Assignment: Retype, exactly and with both ends included, the lines below from the one containing "Foto 3 de Ópticas" through the end; omit the pictures.
START Source data
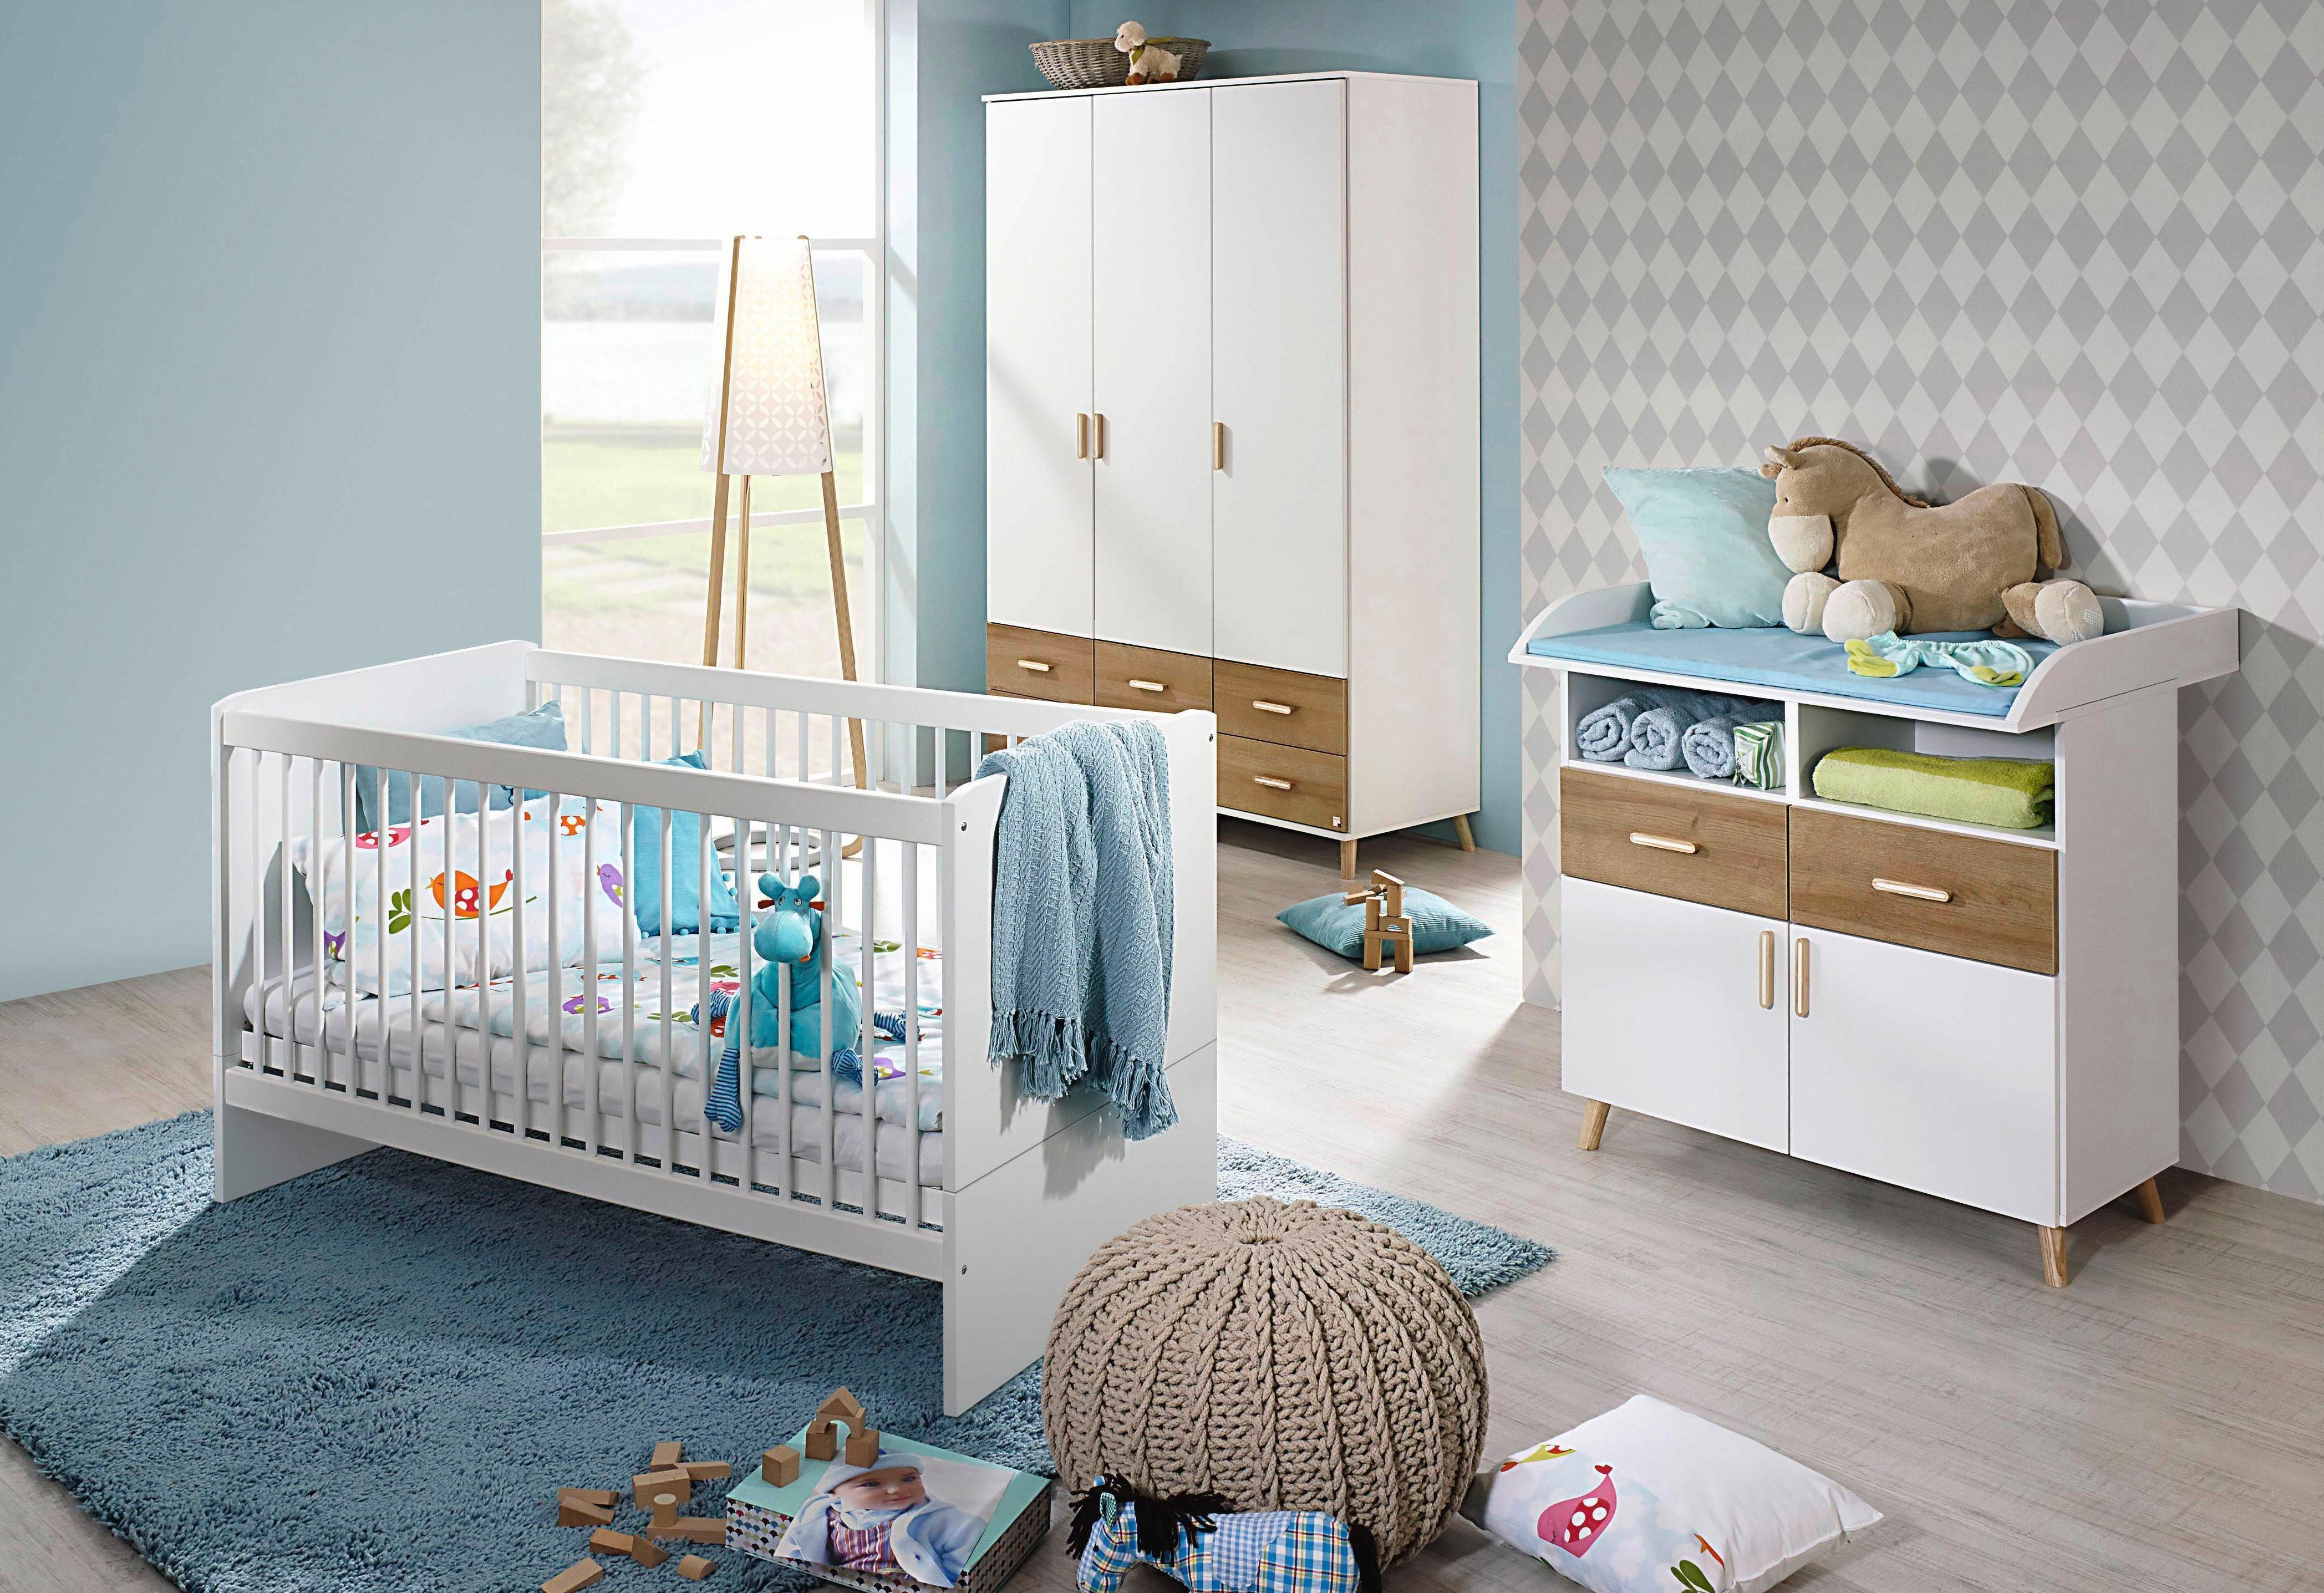 Babykamer Miami Kinderkamer : Babykamer potsdam eiken wit kopen bekijk de collectie otto
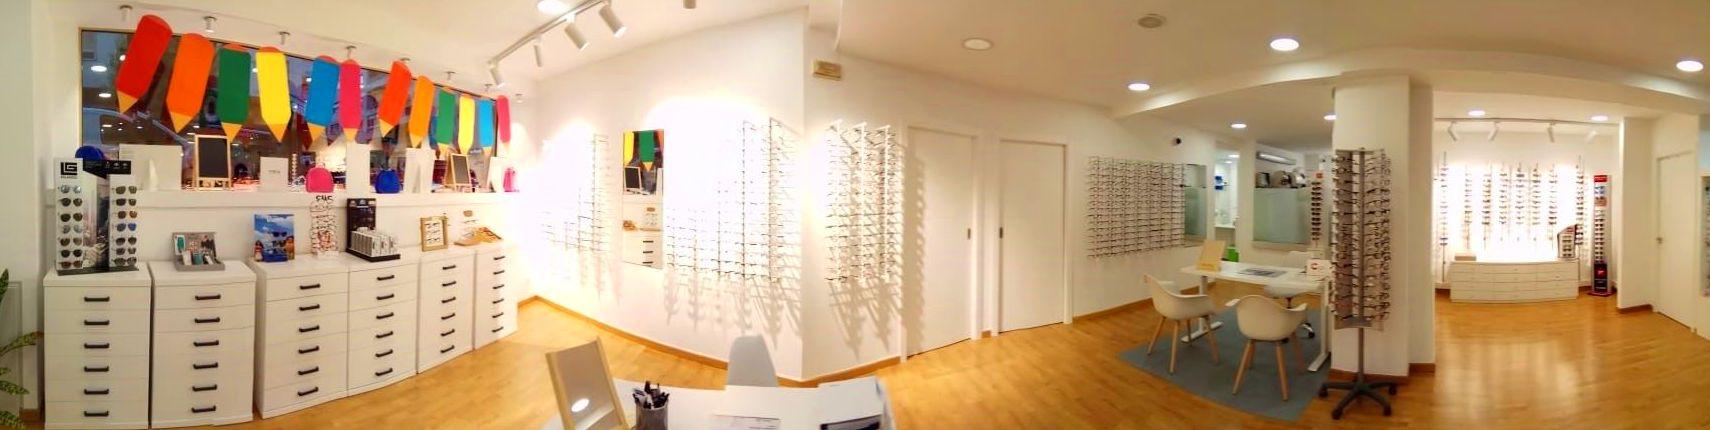 Foto 3 de Ópticas en Vigo | ÓPTICA PRISMALEN             Nº reg. sanitario: E-36-000 230
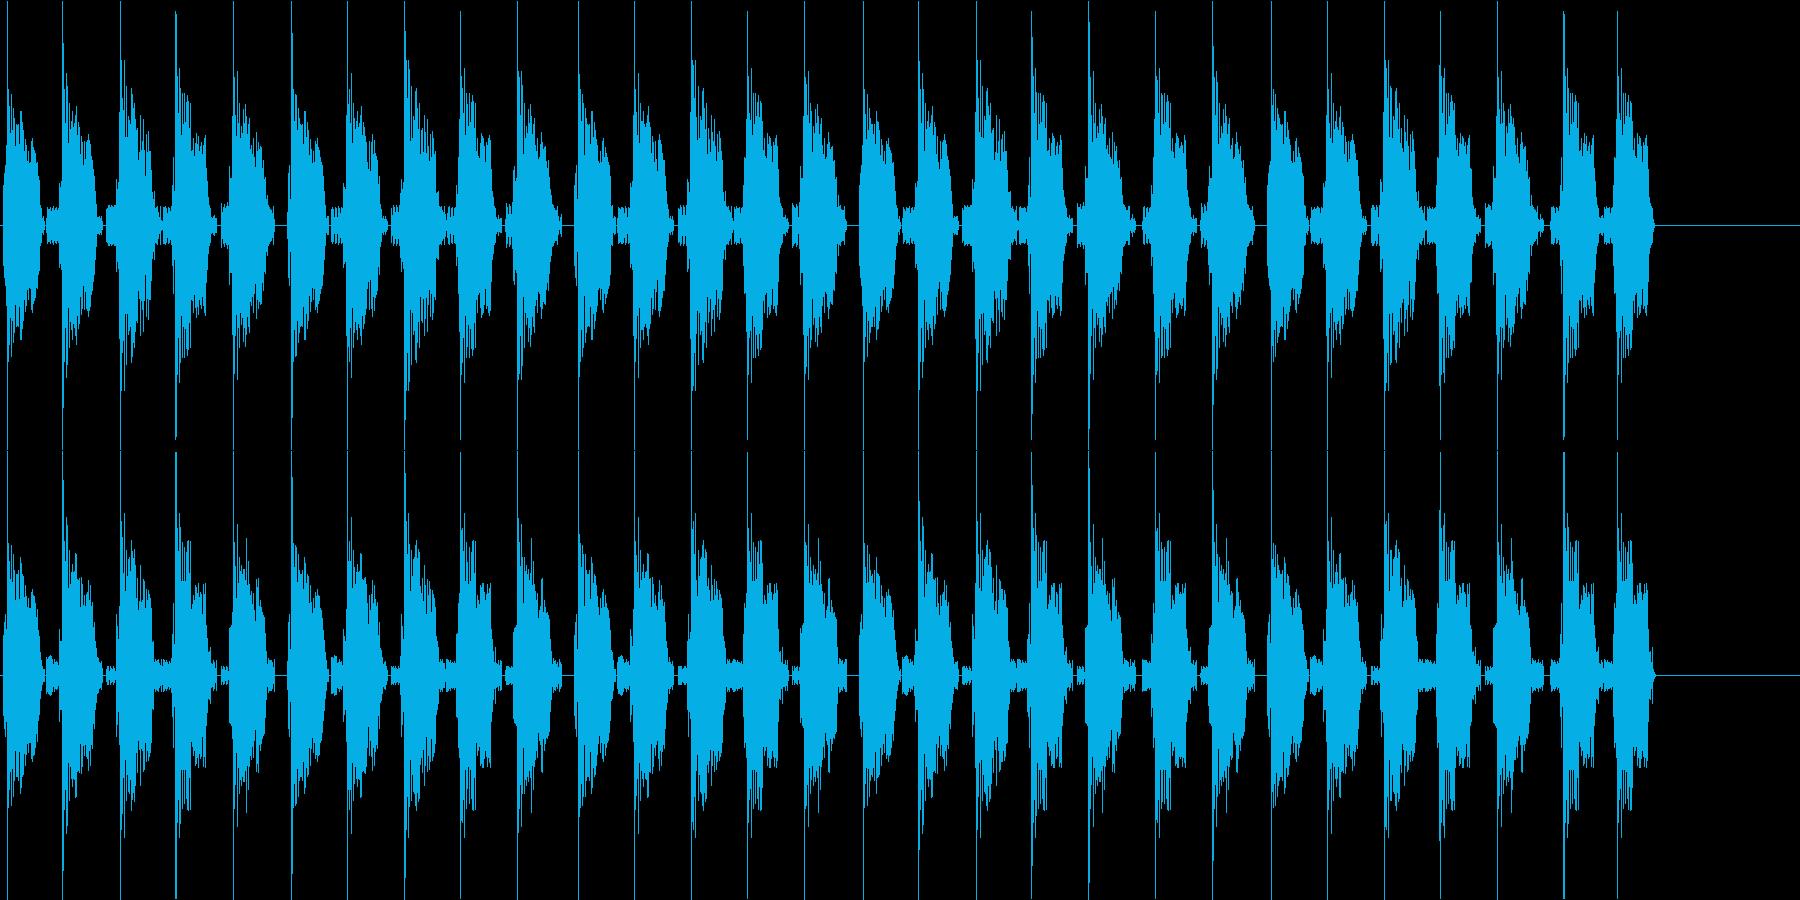 KANTププププ自主規制音1lの再生済みの波形
END Source data
Completed exercise:
 Foto 3 de Ópticas en Vigo | ÓPTICA PRISMALEN             Nº reg. sanitario: E-36-000 230
 KANTププププ自主規制音1lの再生済みの波形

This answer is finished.